Bifunctional NaGdF4:Yb3+/Er3+ Upconversion Nanoparticles for Efficient Overall Water Splitting

Abstract

The development of efficient and robust catalysts for overall water splitting is vital for the advancement of hydrogen-based renewable energy systems. This work reports the synthesis of β-NaGdF4:Yb3+/Er3+ upconversion nanoparticles (UCNPs) via a solvothermal method and demonstrates their bifunctional catalytic activities toward both hydrogen evolution reaction (HER) and oxygen evolution reaction (OER), as well as photoelectrochemical (PEC) water splitting. Electrochemical studies reveal that the UCNPs exhibit low overpotentials and high exchange current density with favorable Tafel slopes for both HER and OER, combined with excellent charge-transfer properties and abundant active sites. Especially, under irradiation, the UCNPs exhibit enhanced PEC activities, benefiting from their strong light-matter interactions and photon upconversion capability, which facilitates the absorption of near-infrared photons and converts them into visible emission, thereby enhancing charge carrier dynamics.

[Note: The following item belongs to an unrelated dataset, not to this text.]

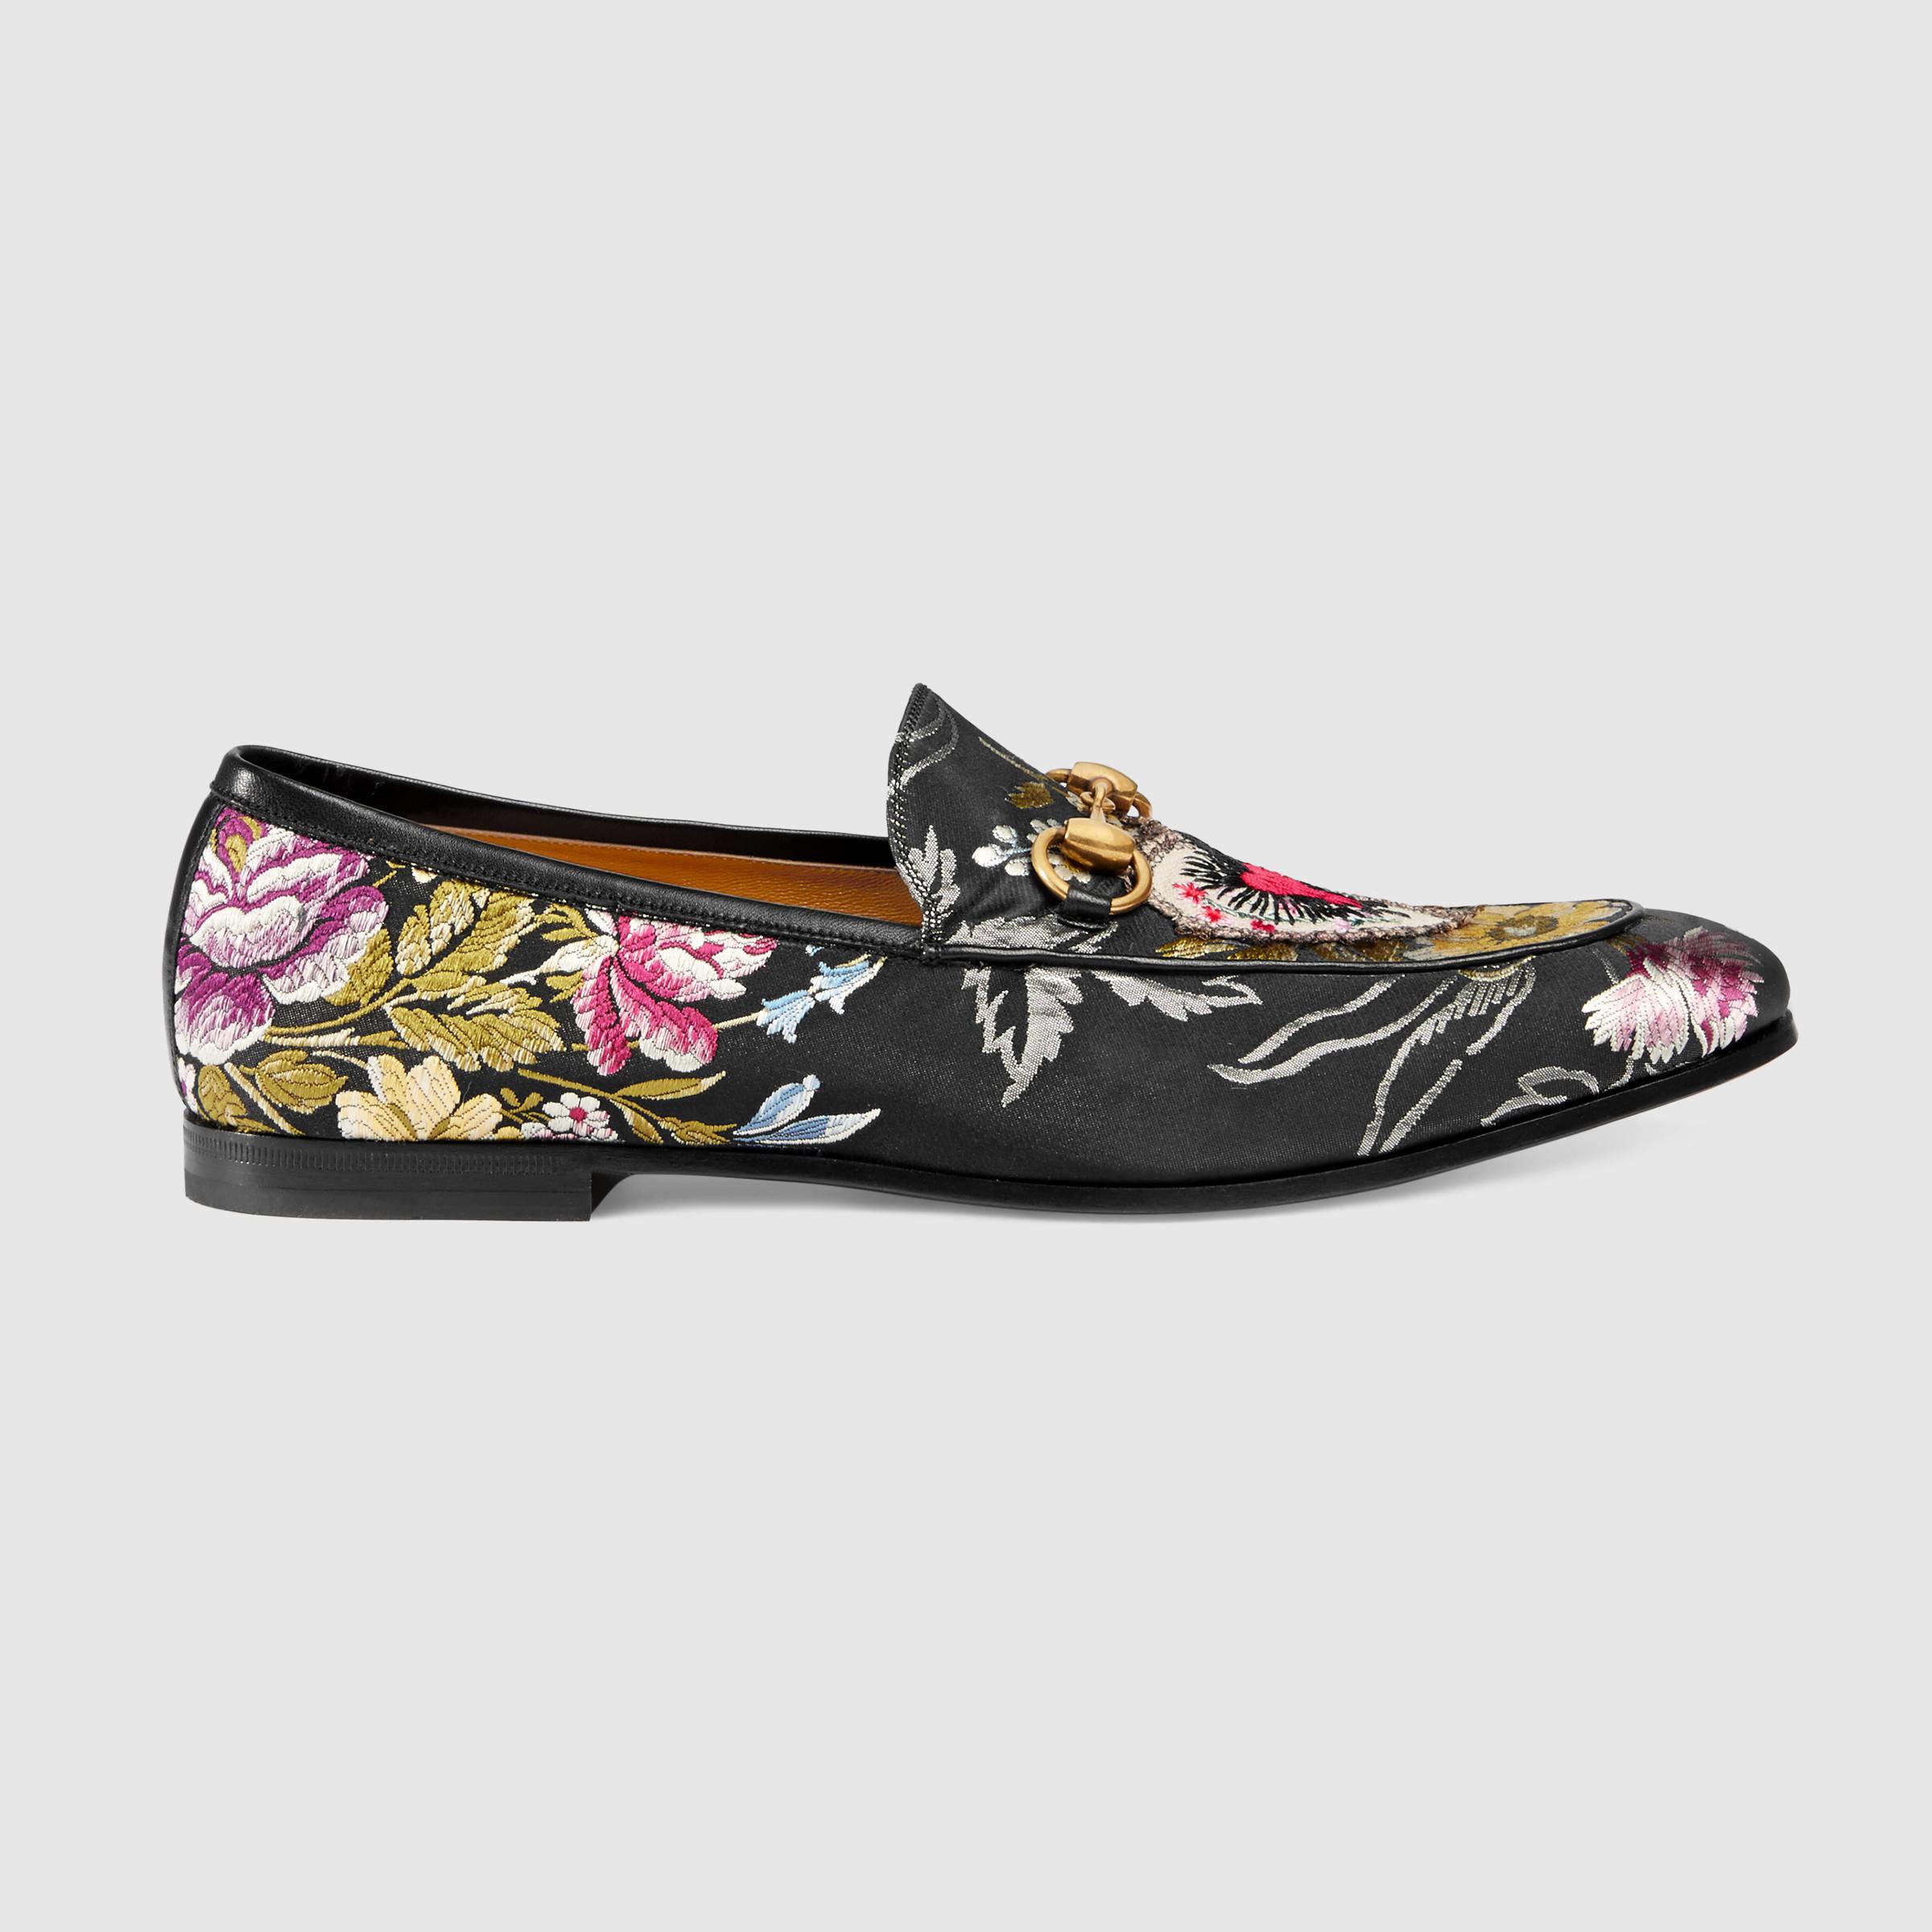 b7a7e7266 Gucci Jordaan Floral Jacquard Loafer in Black for Men - Lyst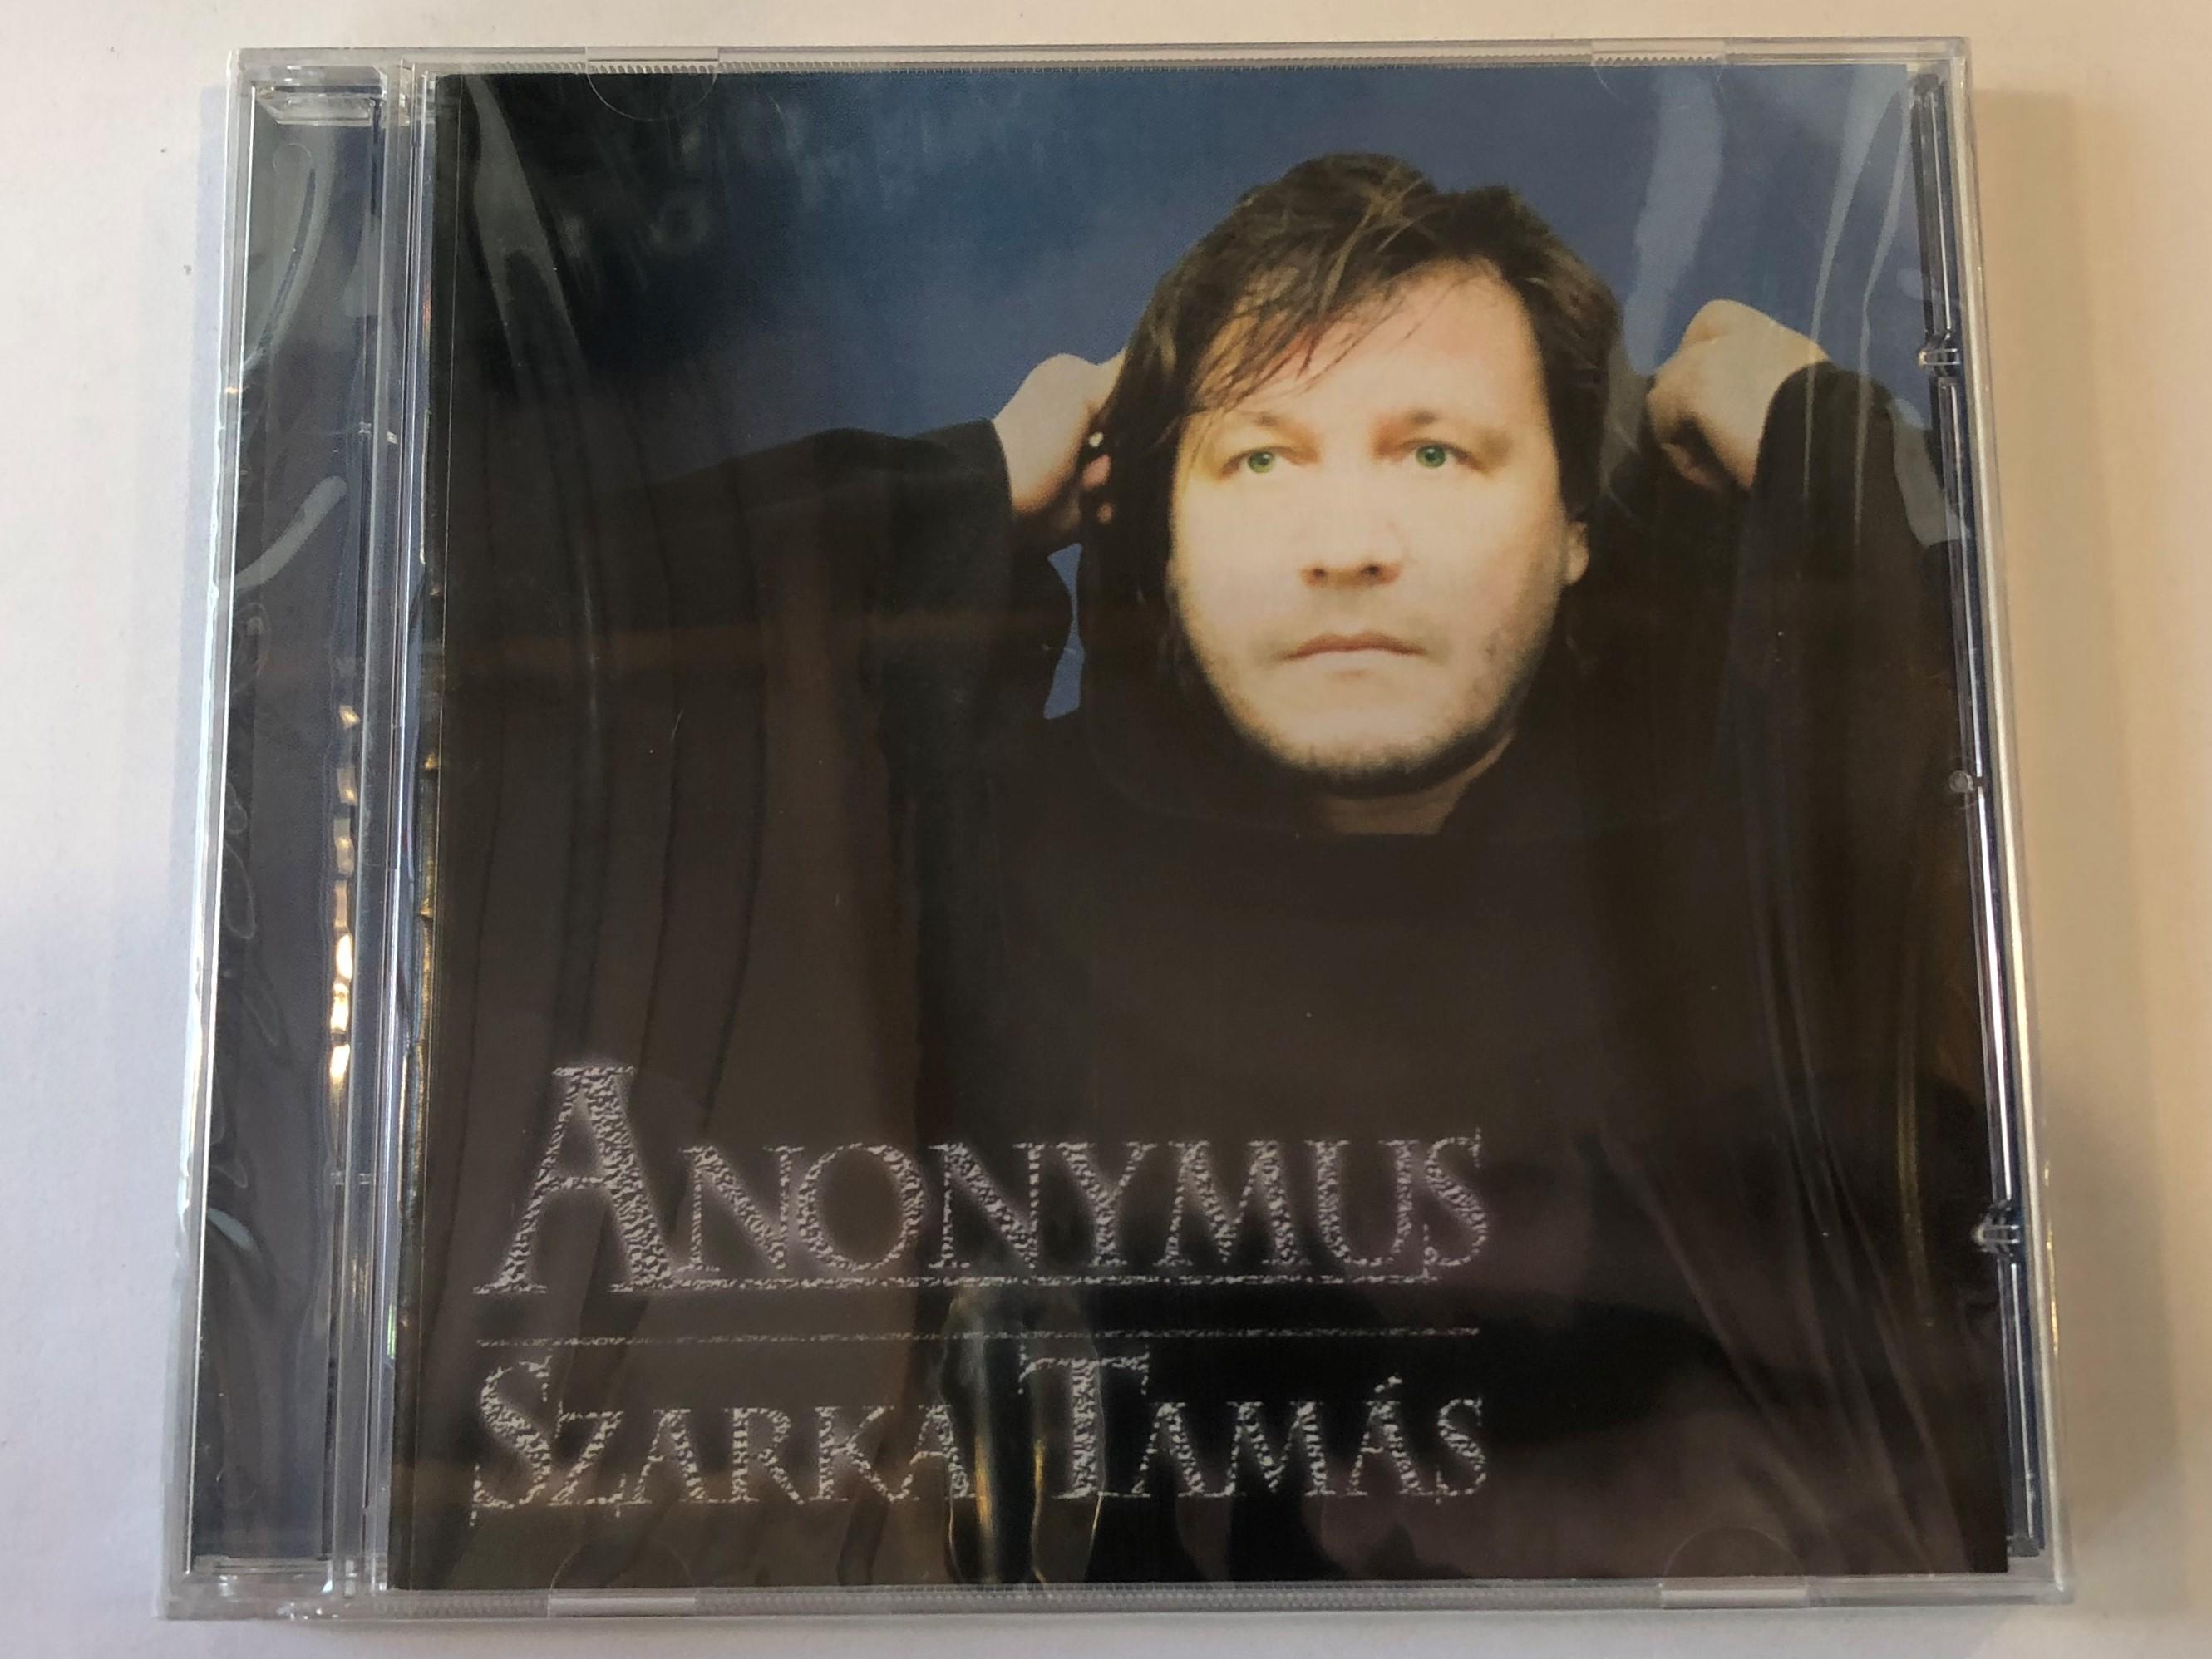 anonymus-szarka-tam-s-rock-hard-records-audio-cd-2004-5998175172415-1-.jpg

The bifunctional NaGdF4:Yb3+/Er3+ electrodes also attain efficient overall water splitting, requiring ~1.52 V to reach 10 mA cm-2 under simulated solar irradiation with remarkable stability over 24 h. To the best of our knowledge, this is the first demonstration of NaGdF4:Yb3+/Er3+ UCNPs acting as a bifunctional catalyst for electrochemical and photoelectrochemical overall water splitting, offering new avenues toward full-spectrum solar energy harvesting and sustainable hydrogen production.